45% des amiénois ont moins de 29 ans
30 000 étudiants dont près de 40% de boursiers
Absence d’instance pour les 16-25 ans
Rendons gratuit le réseau de bus pour les jeunes de - 26 ans.
Créons des logements étudiants en dehors du parc privé.
Soutenons les initiatives engagées via des espaces jeunesse inclusifs et sécurisants.
Développons l’accès à l’offre culturelle via des tarifs spécifiques.
Favorisons l’accessibilité des jeunes aux dispositifs de mobilité nationale et internationale.
Proposons la création d’un pôle de santé mentale pour les jeunes.
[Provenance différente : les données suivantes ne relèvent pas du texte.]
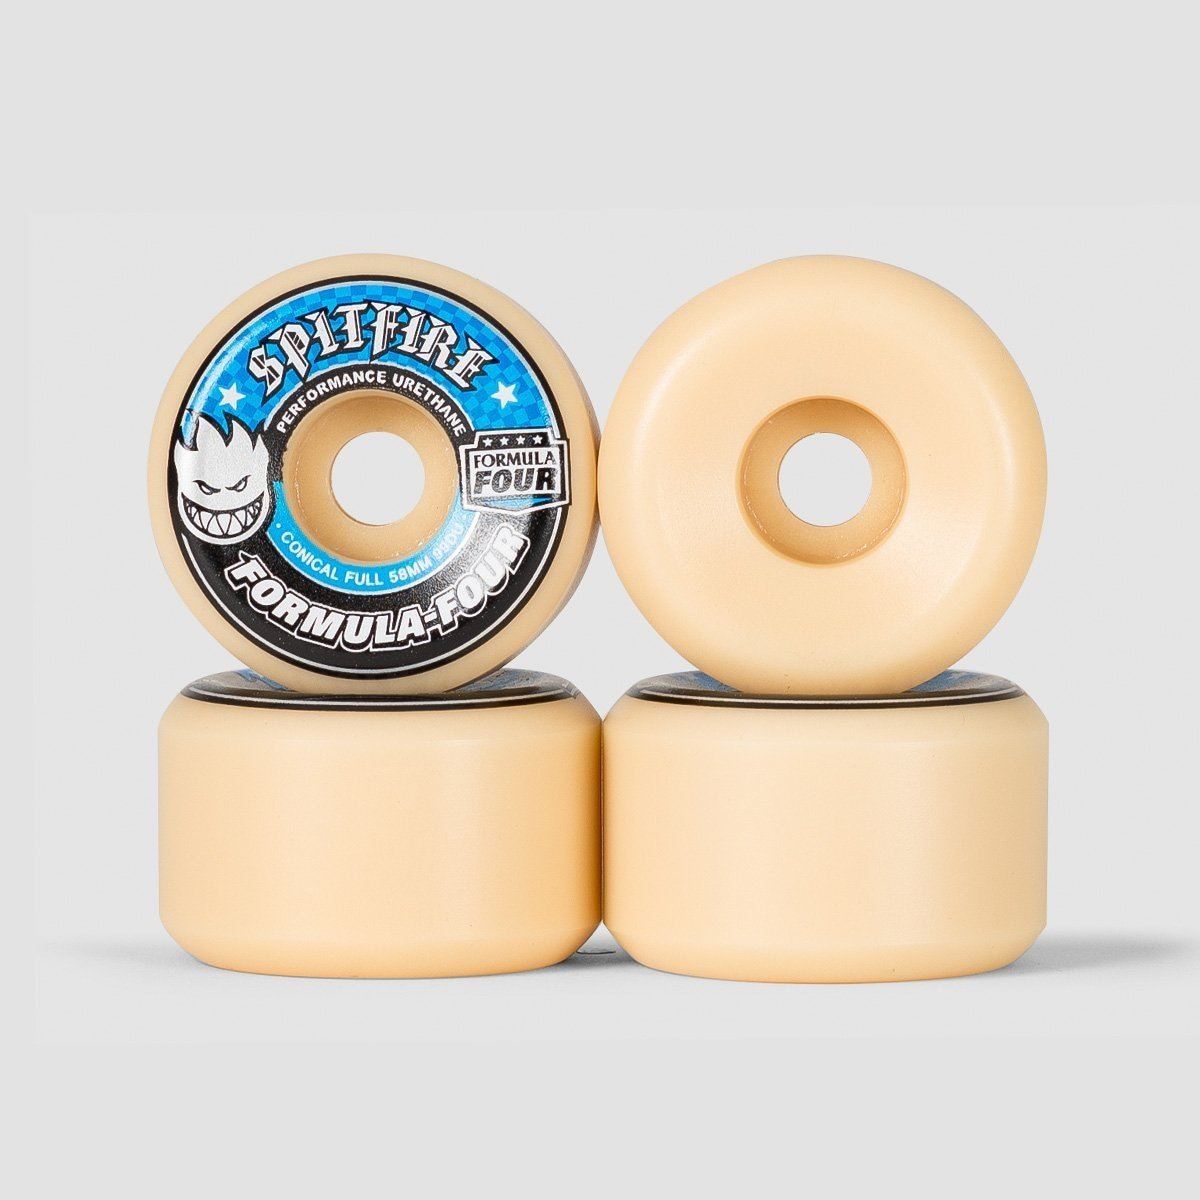 Spitfire Formula Four Conical Full 99du Skateboard Wheels Natural/Blue 58mm

Nous ne pouvons pas nous satisfaire du constat d’une « génération sacrifiée », elle est un moteur pour notre territoire. De nombreuses collectivités, notamment dans les grandes et moyennes villes dirigées par la Gauche se sont engagées dans des politiques volontaristes à destination des jeunes. Car les jeunes ne sont pas inactifs. Au contraire. Ils et elles expérimentent de nouvelles formes d’engagement, s’organisent, inventent des alternatives, occupent des espaces souvent laissés vacants par les institutions. Leur implication est multiple : écologique, sociale, numérique, artistique, associative, collective. Cette énergie, il faut la reconnaître, la soutenir, la relier aux politiques publiques. Et pour cela, encore faut-il leur ouvrir les portes, les écouter vraiment, et surtout, co-construire avec ensemble. La commune est le premier maillon de la démocratie. C’est elle qui aménage les territoires, gère les équipements, finance les projets, anime la vie locale, et peut ou non créer les conditions de l’émancipation. Logement, mobilité, accès aux droits, lieux d’engagement, transition écologique, culture, citoyenneté : les communes agissent sur tout ce qui permet aux jeunes de vivre dignement, de
s’exprimer, de participer, de s’émanciper.